Command Line vs. GUI: You mentioned that the fine-tuning works from the command line but not from the GUI (LLaMA Board). This discrepancy could be due to differences in how paths or configurations are handled in the two environments.
Suggested Steps to Resolve the Issues
Check the Path: Verify that the path you are using for adapter_name_or_path is correct and that it contains the necessary configuration files, including adapter_config.json.
Correct Repo ID: If you are using a model from Hugging Face or a similar repository, ensure that you are using the correct format for the repository ID. For example, if your model is hosted on Hugging Face, it should look like namespace/repo_name.
File Existence: Check if the adapter_config.json file exists in the specified directory. If it does not, you may need to create it or ensure that it is generated during the training process.
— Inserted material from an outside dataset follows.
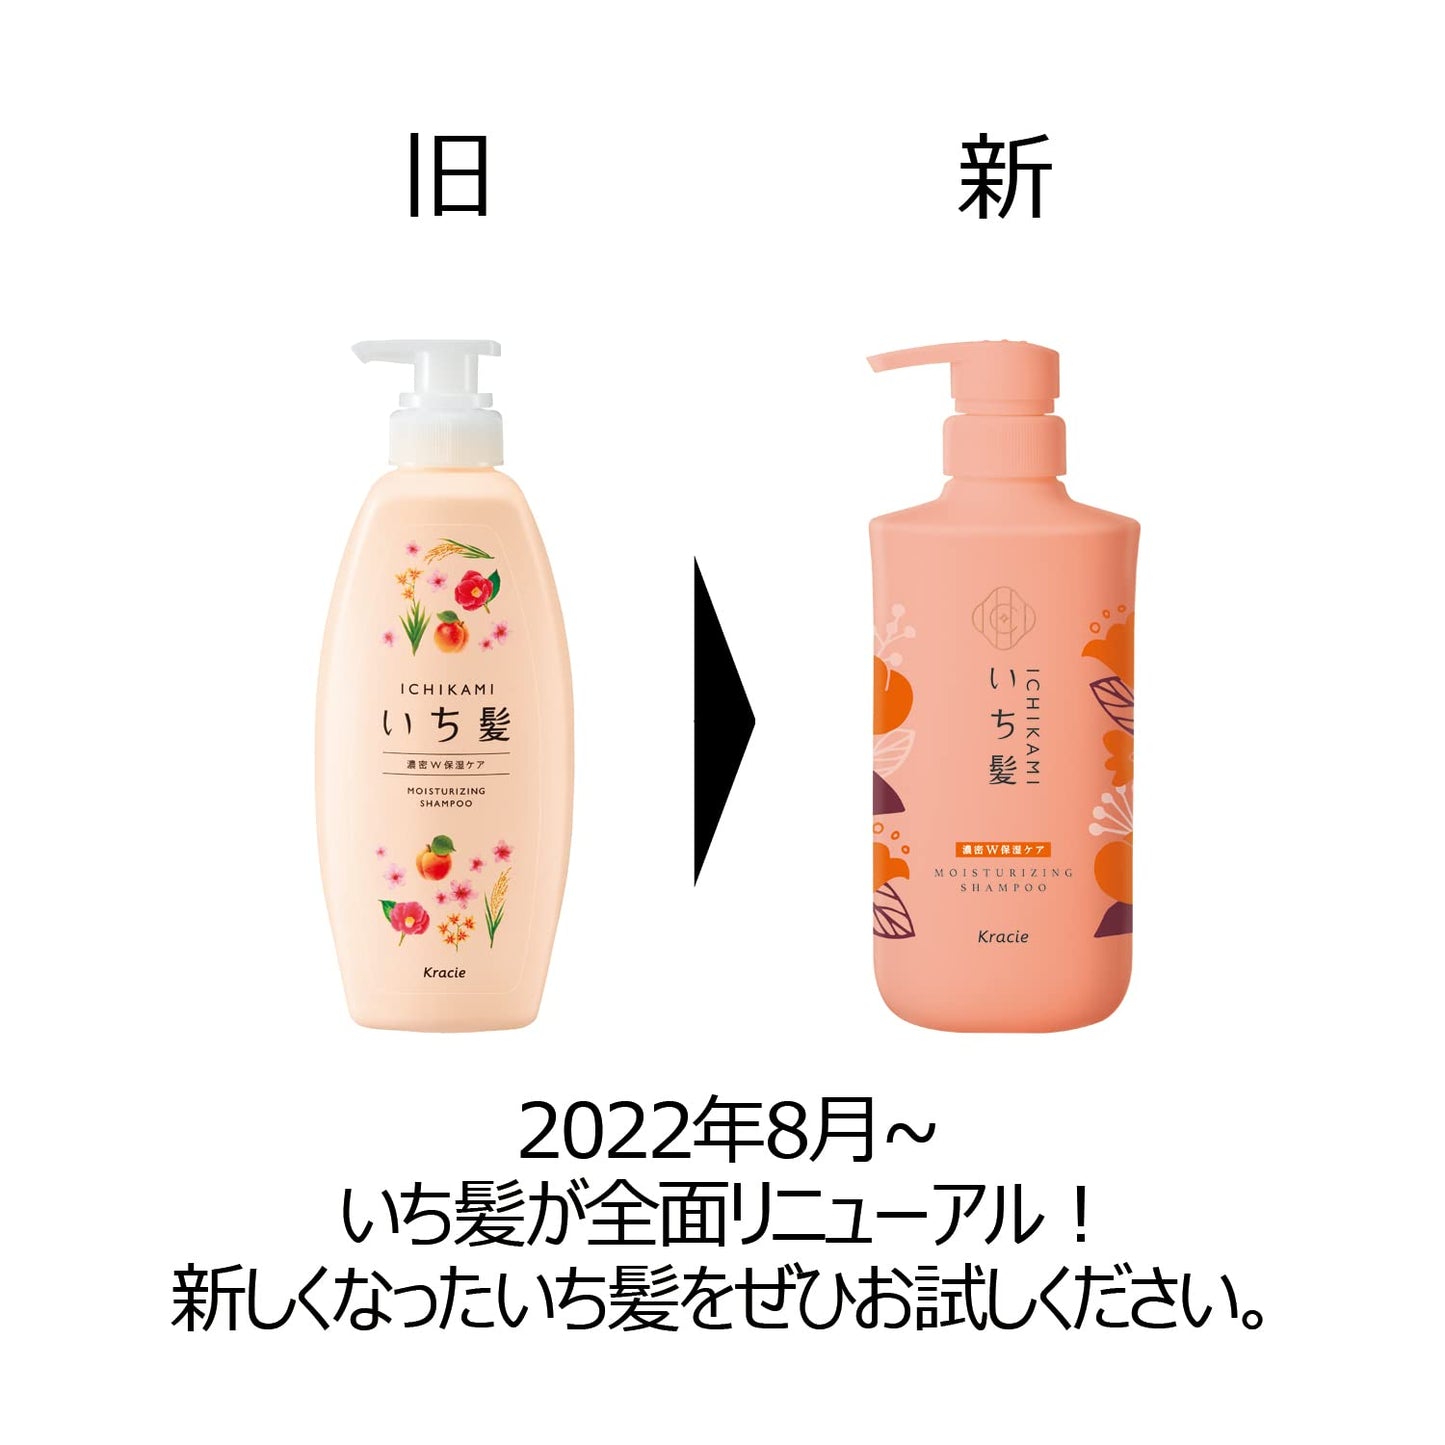 KRACIE Ichikami Moisture Shampoo and Conditioner Set 480ml+480g (Refill available)
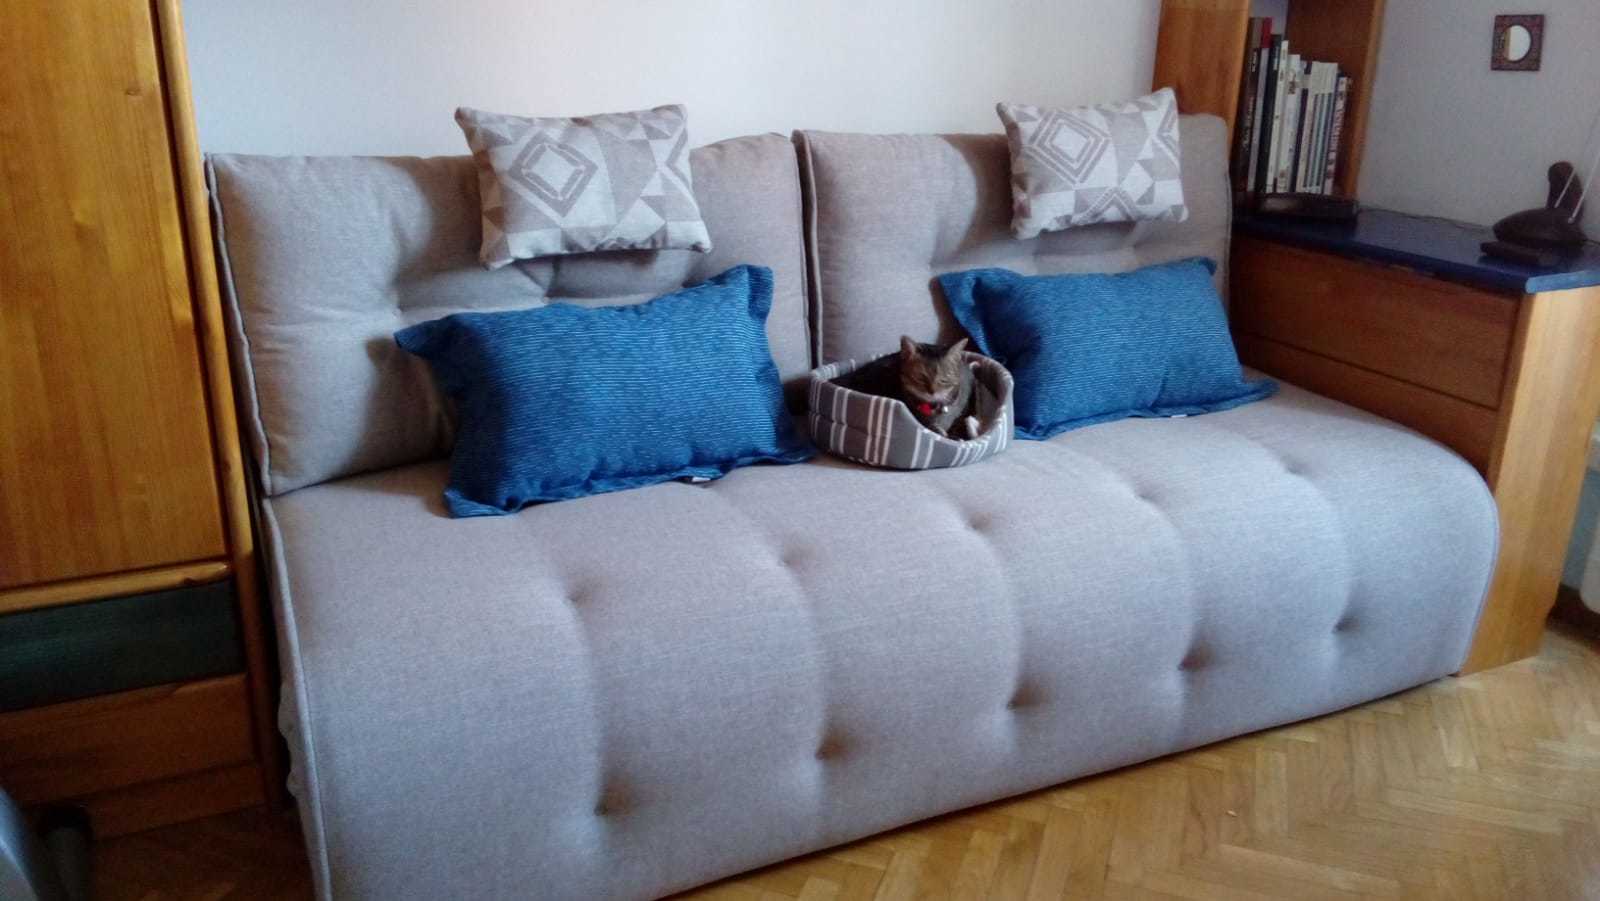 fama box sofa bed

Run in Command Line: Since you mentioned that the command line works, you might want to continue using that method until the GUI issues are resolved. You can also compare the configurations used in both environments to identify any discrepancies.
Update Dependencies: Ensure that all your dependencies are up to date. Sometimes, issues arise from version mismatches. You can update your packages using:
bash
Verify
Open In Editor
Run
Copy code
pip install --upgrade <package_name>
Consult Documentation: Check the documentation for LLaMA-Factory and any related libraries (like PEFT and Hugging Face) for any specific requirements or changes in how models and adapters should be specified.
Debugging: If the issue persists, consider adding logging or print statements in the relevant parts of the code to better understand where the failure occurs.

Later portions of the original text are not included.